Layered Analysis of Injury in the Rat Esophagus Induced by Photodynamic Therapy using Two-photon Microscopy

The esophagus is characterized by a multi-layered structure with compositional differences in each layer, resulting in layer-specific damage thresholds to photodynamic therapy (PDT). Accurate and efficient evaluation of the damages in each layer of healthy tissues is crucial for a successful PDT treatment when eradicating tumors in esophagus. However, conducting a comprehensive assessment of damage to each layer requires the integration of multiple traditional methods, which can be both time-consuming and labor-intensive. Here, we employed two-photon microscopy (TPM) to image rat esophageal sections and fresh samples with full-layer damage induced by PDT. We find that TPM can precisely identify injuries in each layer of the esophagus, including cellular hyperplasia, lamina propria detachment, loosened and tortuous collagen fibers, as well as vacuolated and atrophied muscle fibers, which are consistent with the detection results of traditional methods.

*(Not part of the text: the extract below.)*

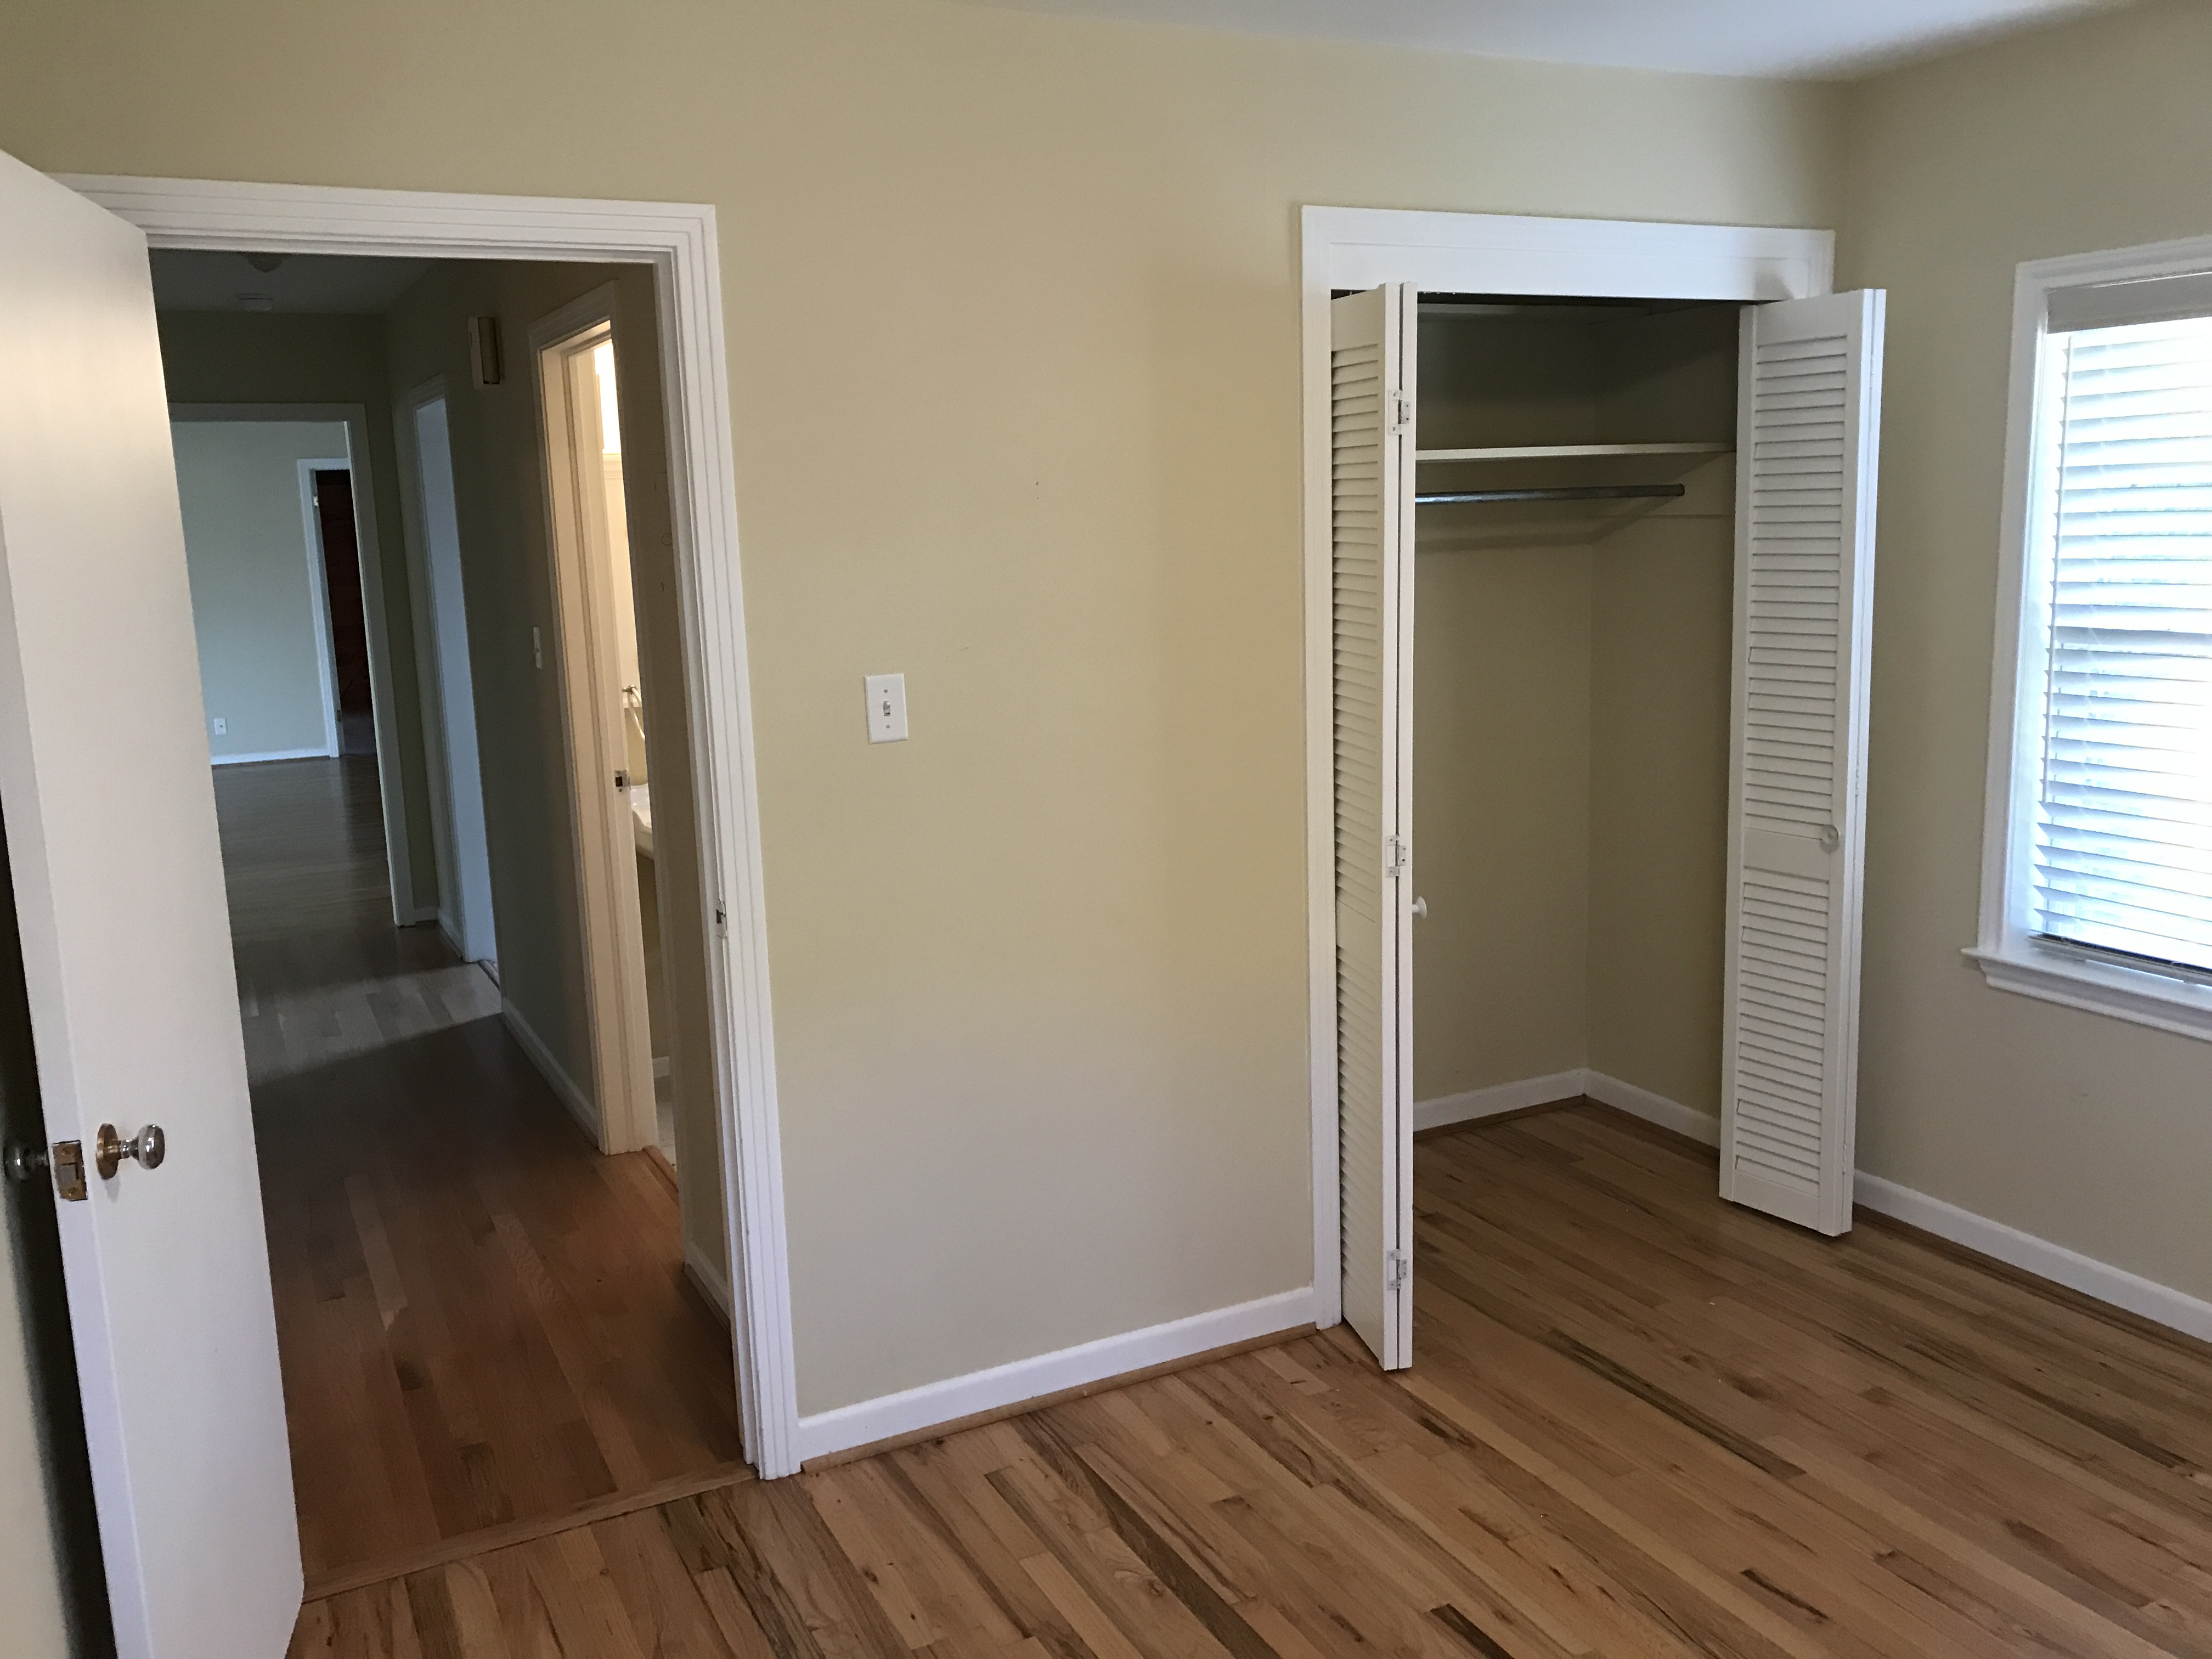 Bedroom/Closet Before

Moreover, TPM possesses unique capabilities not present in traditional methods. For example, TPM successfully detected enhanced perinuclear fluorescence in necrotic esophageal epithelial cells, performed quantitative analysis of collagen fiber changes, and enabled three-dimensional (3D) visualization of structural and morphological alterations caused by the damage. Together, our findings demonstrate that TPM serves as an effective tool for evaluating layer-specific effects induced by PDT, and is expected to have a long-term influence for enhancing the targeting accuracy of PDT in tumor treatment of hollow organs.